The Indians righty throws a changeup sometimes. Is it a good idea? Maybe. Maybe not. Who knows.

MLB: Cleveland Indians at Detroit Tigers Rick Osentoski-USA TODAY Sports

Carlos Carrasco has a pretty strong repertoire of pitches. His mid-90’s fastball is routinely impressive, hes been throwing a slider more and more the last couple years that has generated a swinging strike 26.5 percent of the time last year and 23.1 percent this year, the best rate of any of his pitches. His curve is pretty good too.

He also has a changeup.

It’s not really an overly impressive pitch, nothing writers rave over in its movement or spin rate or anything like that. By Baseball Savant, it’s dropped an average of 1.63 feet the last two years, the 239th most of those who threw at least 100 of them over that span. The 1493 RPM spin rate is the 35th lowest in baseball since 2017. Lower spin rates help a pitch drop more, which is good. When paired with his fastball (2268 RPM) it makes for a nice horizontal dance partner:

And it creates a lot of separation on the vertical side of things:

All of that seems like a great thing. Fastballs get used a lot generally. Having a complementary changeup is very helpful. Carrasco has moved away from the fastball the last couple years, though, just like everyone else on the Indians, adding more sliders and curves — especially the slider — and using breaking pitches as almost primary tools.

Check it out:

That 2016 was a weird little inflection point. In general what he’s doing flies in the face of what traditional baseball wisdom suggests, but as hitters hunt fastballs for home runs more and more, it only makes sense. But it also raises the question — what’s that mean for the changeup?

Carrasco never really featured his at any point in his career, and the 13.6 percent rate he’s tossed it this year is his lowest rate since 2014. It could simply be that he doesn’t trust it, but even if he did, you do need the fastball to change up on. If he’s only throwing the four-seam like a third of the time, what’s the point of a merely decent change? It does induce a swinging strike 21 percent of the time, but batters are also posting a 156 wRC+ against it. He’s thrown 104 of them so far this year, about a quarter of what he usually throws. A couple dozen more without hits will crater that wRC+, so it’s not much to get worked up over.
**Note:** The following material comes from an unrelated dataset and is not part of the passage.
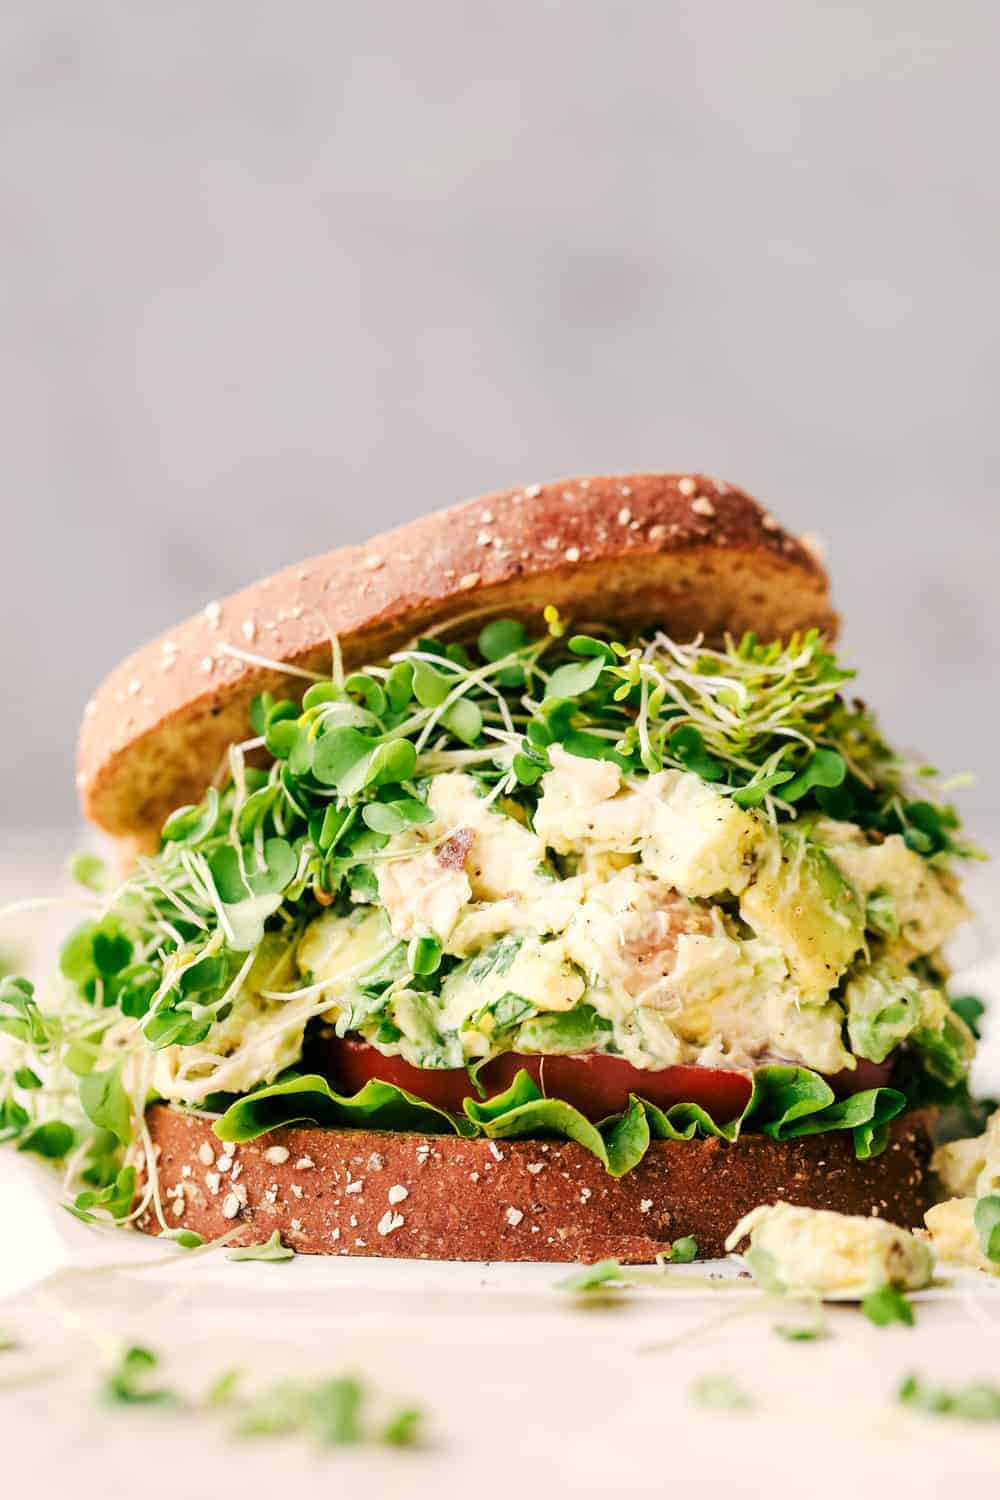 Calories In Chicken Salad Sandwich
 how many calories in a chicken salad sandwich on whole wheat

Obviously starters need to throw more than two pitches. Maybe Randy Johnson or Chris Sale could get away with it for stretches of their career, but Carrasco is not that kind of pitcher. It just seems like, if he’s really pulling back on the fastball, it makes no sense to throw it at all, ever. I wrote in the spring about how his throwing more sliders is a good thing, but there’s ripple effects to the decisions he’s made in his approach. He can’t replace it with a slider, eventually there’s a breaking point. Maybe more curves though? They’re slow, and really weird for hitters.

He only uses it as a tertiary or whatever fourth is for smart people pitch, so how much or littler we see it is probably nothing to get worked up over. And it’s been good in the past. It’s not really bad now, just small sample size has given hitters the look of crushing the change. It’s there though, and Carrasco will keep throwing it if he throws fastballs. If that stops happening, that’s a real problem. It’s certainly a pitch he throws though.